27 N.M. 296 | N.M. | 1921
Lead Opinion
OPINION OP THE COURT.
Appellant began suit in the court below by filing an action in replevin in usual form against the appellee for the possession of certain livestock. Suit was filed September 24, 1918. Appellee answered, denying allegations of the complaint, and alleging that the appellant was claiming possession under a certain chattle mortgage given- to secure the payment of some notes, the principal one being for $6,877.94, due June 10, 1918; that on August 12, 1918, the appellant had agreed with the appellee that, if appellee would gather and move the live stock onto better grass, the notes would be extended until frost that fall, which occurred October 28, 1918; that appellee gathered and moved said live stock at great labor and expense, in accordance with said agreement, but that on September 24, 1918, the appellant, in violation of said agreement, sued out said writ of replevin, and wrongfully took possession of said live stock, and converted same to its own use and benefit, to appel-lee’s damage in the sum of $16,000. Appellant replied, admitting the note and mortgage, but denying the other allegations of the answer.
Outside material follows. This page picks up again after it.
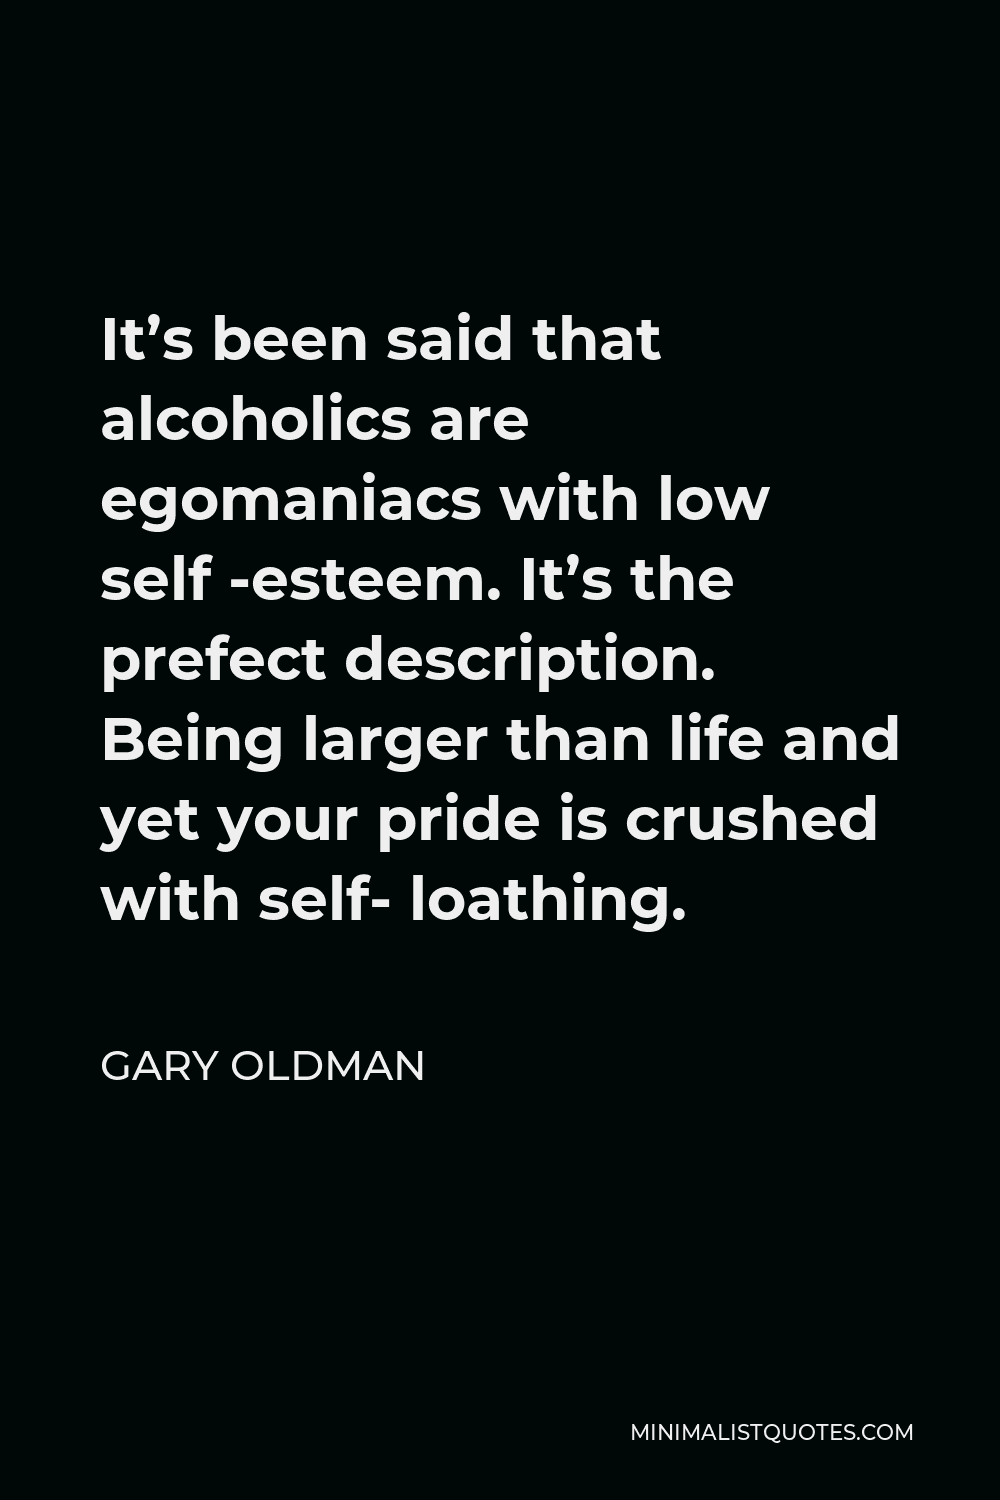 Gary Oldman Quote - It’s been said that alcoholics are egomaniacs with low self -esteem. It’s the prefect description. Being larger than life and yet your pride is crushed with self- loathing.

The case was tried to the court with a jury, and verdict and judgment for appellee in the sum of $2,187.07 was returned, from which • appellant brings this appeal. The appellant raises two objections: First, that the extension was not to a definite date; and, second, that the extension was without consideration.
Finding no error in the record, the case is affirmed; and it is so ordered.
Rehearing
ON MOTION FOR REHEARING.
In a motion for rehearing filed, appellant contends that the court was in error in the original opinion in refusing to consider the action of the court in permitting the appellee to amend his answer at the close of the case. The refusal to consider was based upon the fact that appellant had failed to incorporate the original answer into the transcript. Appellant admits that it failed to incorporate such original answer into the transcript, but insists that this was impossible, because the court permitted the amendment to be made by interlineation. Consequently, the only pleading appearing in the files of the court below was the original answer, as amended.
“It is generally held, to be within the discretion of the court to allow or refuse amendments after the evidence is heard or the arguments of counsel closed.” 31 Cyc. 401.
For the reasons stated, the motion for rehearing will be denied; and it is so ordered.